Cruising through the swap out, second to the last spring, fingers are getting weak and piinnnggg there goes the valve key somewhere into the bowels of the motor. Right about now I'm talking to the BIG MAN. Motorcycle mod boy to GOD, I heard you can build a universe, perhaps could ya help me out with this...uh... minor problem. Flash light up...wait, I can see it, right next to the camshaft chain..a little tough to reach....there it is...almost got (GOD is giggling right about now) - tink - now its gone bye bye. Over to Roadie boy neighbor for the anti gravity machine, i.e. one deluxe mag-o-net. One swipe (are the planets in alignment) - CLICK - and the ZEN Motorcycle Maintenance God was a smiling on me. Yea baby!!!!! Hands clasp together and eyeballing the sky. Did a little dance when I retrieved that bastard.
Now the dreaded CAMS alignment (now folks, I was reading my ass off and I still got it wrong) Lined them up, put it together, cycle the crank, chain jumps the sprocket slams into the plastic water pipe thingie, Order more parts (the guy now thinks I'm a wack job).

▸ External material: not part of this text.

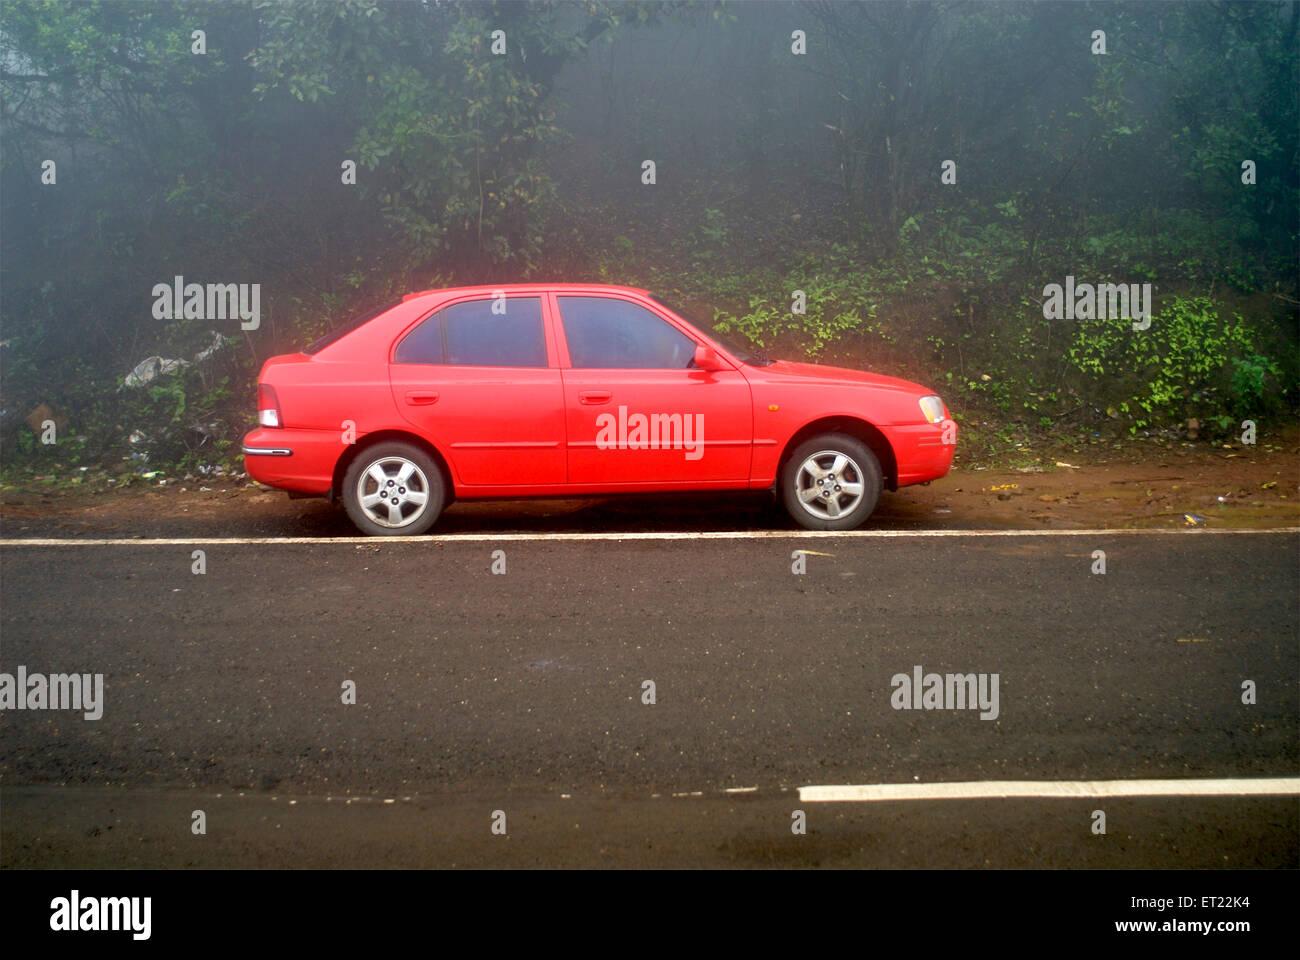 Un colore rosso Hyundai Accent parcheggiate lungo il lato della strada in un giorno di nebbia a tiger colline ; Immagini Stock

Finally get her rebuilt, start her up and did you know a Royal star will fire on one cylinder and the sound of valves opening when their not suppose to....well it will make you sick....push her back into the garage dive right back into it and check my brain alignment, maybe I'm off a few degrees. Roadie neighbor comes over and NOW I have to READ THE BOOK, (don't want this guy to get the best of me) all I can say is the little holes for the rear and the BIG holes for the front. (if any of you break your motor down this far that phrase will become crystal clear to you). The rear was 180 degrees out. Reassemble once again and SHE fired right up. Funny thing about wrenching on your ride, what took half a day when you started the project, you can complete in about an hour. If you asked me about adjusting cams, and swapping springs a month ago, you would have got a deer in the headlight look, but now....hey I can do that.